Chatr Wireless, a service owned by Rogers, claimed in its ads that it had “Fewer dropped calls than new wireless carriers.” This claim turned out to be accurate – but the trouble was that Rogers and Chatr had to prove its claim in each market that the ad aired in, and against each relevant new wireless carrier. But the claims were made in commercials before Rogers had completed the “adequate and proper” testing against all new carriers in every city, as required by the Competition Act. (For further details on the background of this case, see Todd Greenbloom’s article for the December 2013 issue of Blaneys on Business at www.blaney.com/articles/competition-act-rules-comparative-advertising-clarified-recent-court-decision).
The Commissioner of Competition asked the Ontario Superior Court of Justice to charge Rogers a $5-7 million penalty for violating the Deceptive Marketing Practices provisions of the Competition Act. While the Court ultimately agreed that Rogers and Chatr had indeed run afoul of section 74.01 of the Act, the fact “that the false or misleading advertising portion of the application was not established and that subsequent testing substantiated the fewer dropped calls claim” helped Rogers’ cause. The court noted that: “The fewer dropped calls claim may have been harmful to the new wireless carriers but, if that was the case, the harm was not inflicted in a manner which caused harm to consumers because the claim was substantiated. Equally, because the claim was substantiated, any harm inflicted on Wind Mobile and Public Mobile was appropriate.” Roger’s cause was also aided by the conduct of the other wireless carriers who tried to capitalize on the Competition Commissioner’s actions.

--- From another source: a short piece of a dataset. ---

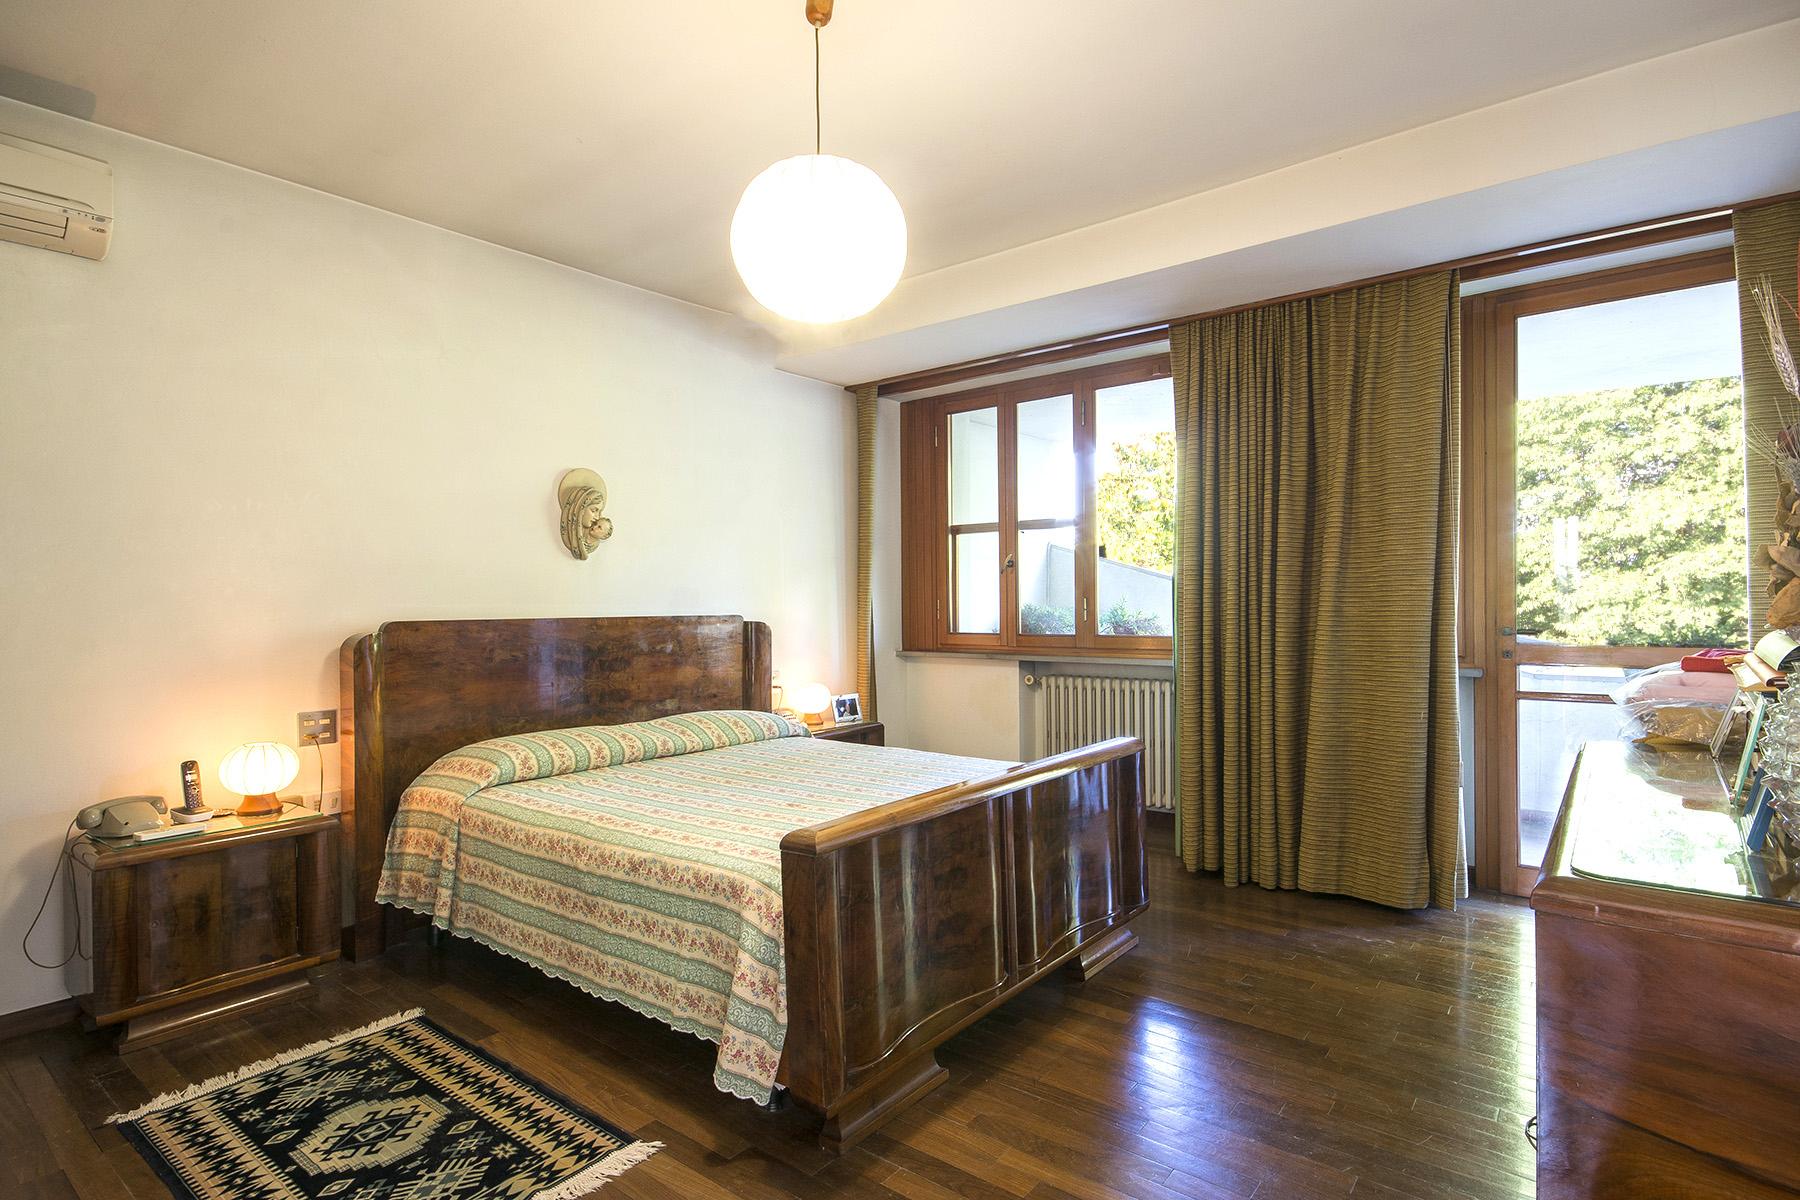 Villa in Vendita a Capannori: 5 locali, 500 mq - Foto 11

On the other hand the fine may have been higher than Rogers would have liked because of its past conduct. TELUS obtained an injunction preventing Rogers’ claim that it had “Canada’s Most Reliable Network” before testing its network against Telus’ HSPA/HSPA + network. The Court concluded that the injunction “is some evidence that Rogers has been willing to make aggressive representations prior to testing when it believes those untested representations are true.”
The Court also did not issue a prohibition order against Rogers. A prohibition order would have had a significant impact on any future breaches by Rogers. The Court rejected the prohibition order in part because of the competitors’ actions and because the publicity from the case itself resulted in reputational harm to Rogers.
The Court levied a $500,000 penalty against Rogers – chump change compared to the $5-7 million asked but certainly something that would shine a spotlight and encourage compliance with the Competition Act.
In addition, it was obviously important for the Court to reinforce the idea that just because a company’s claims about the performance, efficacy or length of life of a product or service may be true, the company is still obliged to comply with the adequate and proper testing requirements of section 74.01 of the Competition Act.
So, even if a business is acting in good faith and is not attempting to be false or misleading in its advertiing, running ads prior to completing product testing will land that business in hot and expensive water, especially if they have a history.